各々琥珀色の液体をグッと飲み干していく。

一杯飲み干した猫が上機嫌で話し出した。

主人くん
主人くん
ぷはぁ~、みんなで飲むビールは最高だね!二人ともはじめまして、僕が主人です!よろしくね。
優馬
優馬
猫が・・・・しゃべってる。
朱里
朱里
しかも、ビール飲んでるし・・・

奇妙な光景に2人とも驚きを隠せない。

猫が2足歩行をししゃべりビールを飲み干す。

これを見て驚かないほうが稀だろう。

こんなことができるのはポケモンのニャースぐらいではないだろうか?

瑠璃
瑠璃
始めてみた時は私も驚きました。
みう
みう
あはは、これでも元々は人間だから安心してね。猫になったのはちょっとした事情があるんだけど・・・
主人くん
主人くん
その話はまた今度ね!

猫が話に割ってはいってくる。

優馬
優馬
どうして猫になったかすげぇ気になる。
朱里
朱里
ねぇ♡ご主人様っ。

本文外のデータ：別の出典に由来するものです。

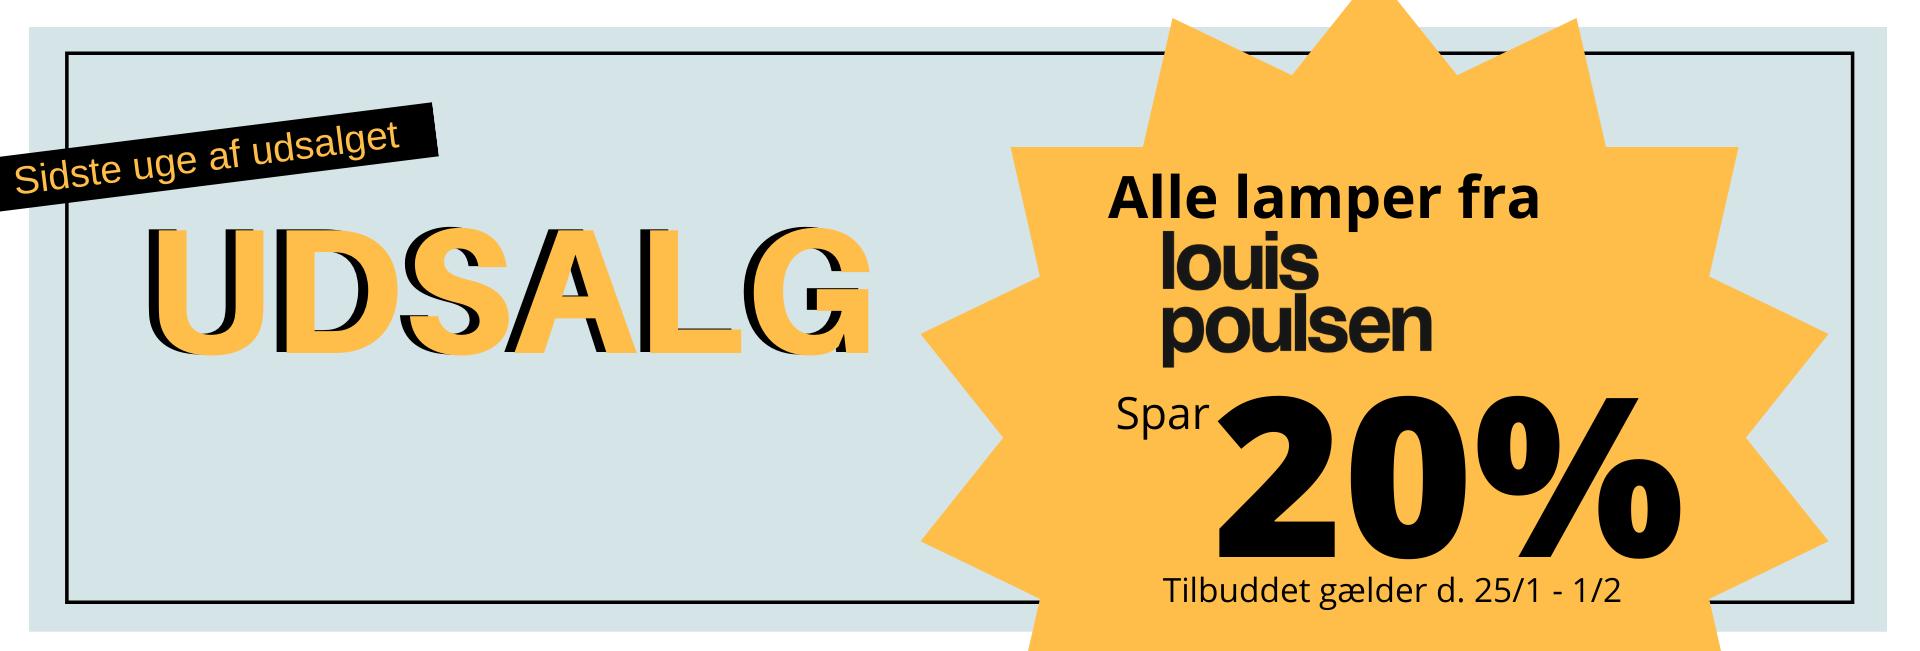 Januarudsalg - Louis Poulsen
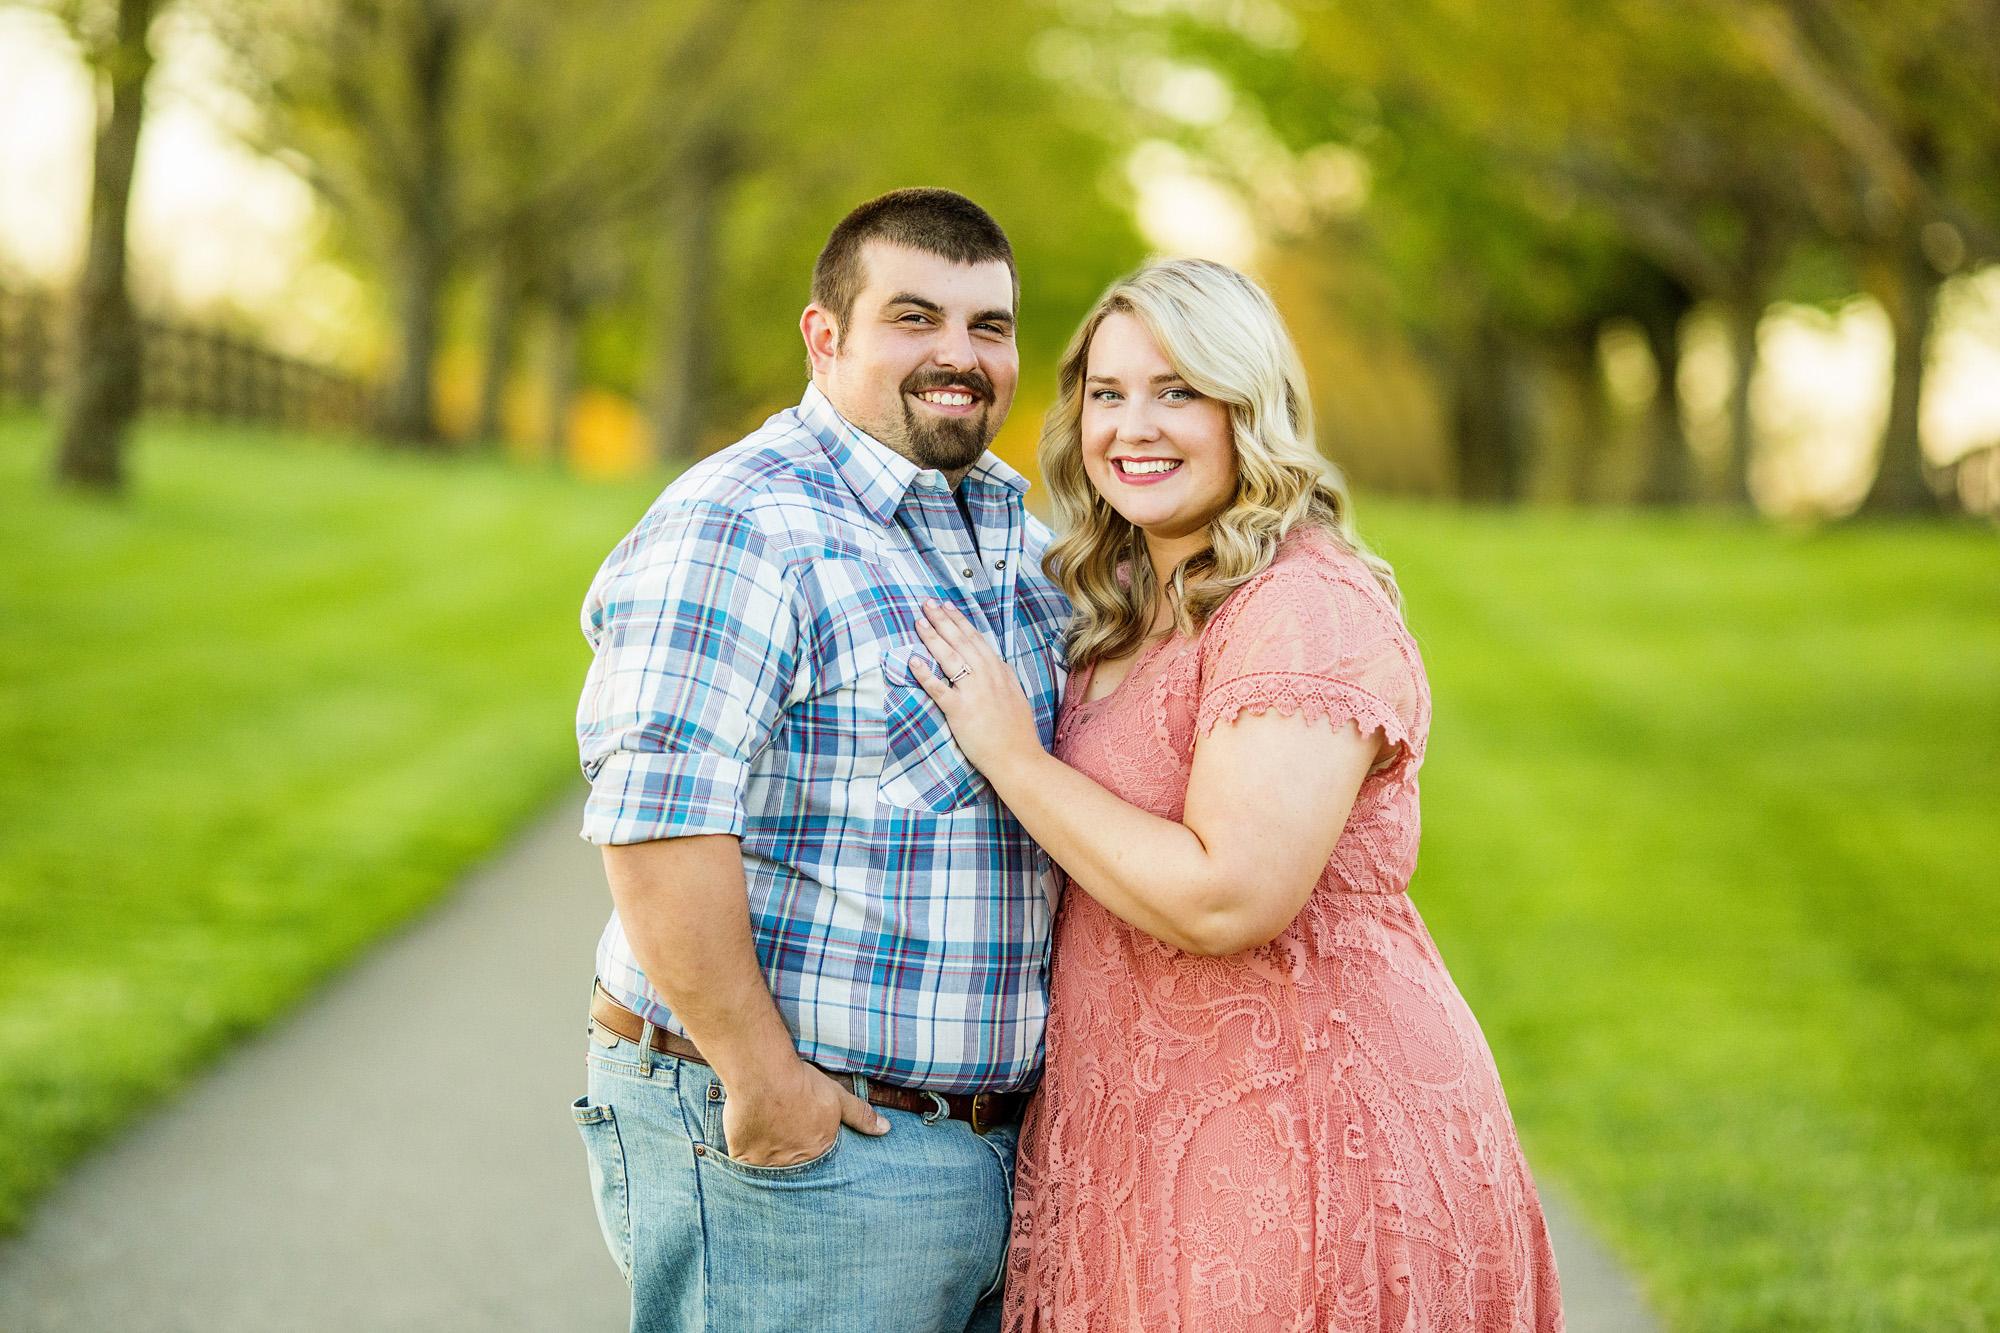 Seriously_Sabrina_Photography_Lexington_Kentucky_Sunset_Farm_Engagement_Cody_Sara_37.jpg

もったいぶらずに教えてくださいよ。
主人くん
主人くん
今日は、僕のことより2人の事を色々を知りたいな。

猫は華麗に話をそらした。

みう
みう
優馬君はお休みの日はなにしてるの?
優馬
優馬
キャンプに行ったり、友達とスポーツをしたりアウトドア中心ですね。
主人くん
主人くん
僕もキャンプが好きなんだ!今度一緒に行こうね。

嬉しそうに猫が言う。

みう
みう
じゃあ、主人君がキャンプに行くときの警護は優馬君にお願いしようかな♪
優馬
優馬
しゃべる猫とキャンプ、すごい体験になりそうだ。
みう
みう
朱里ちゃんは?
朱里
朱里
あたしは優馬みたいにこれって趣味がないので休日はお買い物に行ったり、友達とお出かけしたりですかね。先輩ともよく会っていますよ!
みう
みう
そういえば2人は同じ学校出身なんだよね?

瑠璃の腕に抱きつき嬉しそうにはいと返事をする朱里。

みう
みう
ふふっ♪朱里ちゃんは瑠璃ちゃんのことが大好きなんだね。
朱里
朱里
はい!あたし今はこんなだからありえないって言われるんですけど、昔は根暗で嫌な奴だったんです。でも先輩のおかげで変わることができてそれから先輩の事を尊敬し愛しているんです♡
主人くん
主人くん
朱里ちゃんはビアンなの?
朱里
朱里
好きになった男の子とお付き合いしたこともありますしどうなんでしょう?今は先輩に夢中なので好きになると性別は気にしないってタイプかも。
主人くん
主人くん
なるほど~先輩、愛されてますね!
瑠璃
瑠璃
あはは、なんだか照れますね。そういえば私、ずっと気になっていたんですけど課長とご主人ってどんな関係なんですか?

瑠璃がニヤニヤしながら聞く。

みう
みう
しいて言うなら大学時代の同期でサークルも一緒だったんだけど簡単に一言でいうならうーん、そうだなぁ

主人くんとみうは声をそろえて言う。

主人くん
主人くん
友達以上、恋人未満かな。
みう
みう
ペットと飼い主かな!
朱里
朱里
2人の意見に相違がありますね。
主人くん
主人くん
だって、うちのお屋敷に来てくれたし学生時代だっていつも一緒にいたから僕に気があるのかなって思ってたんだけど。
みう
みう
今の仕事は楽しいし充実しているからお屋敷の仕事を紹介してくれたことはとても感謝しているよ♪学生時代一緒にいる時間が多かったのはサークルが同じだったからじゃないかな?キミのことは嫌いじゃないけど今は異性としては意識できないかな。だって猫になっちゃったし。

なにも言い返せずに固まってしまう猫。

みう
みう
とりあえず、人間に戻ってから口説いてね。
朱里
朱里
なんとなく2人の関係性がわかりました。がんばってくださいね、ご主人様♡
主人くん
主人くん
はーい。

こうして楽しい夜は更けていくのだった。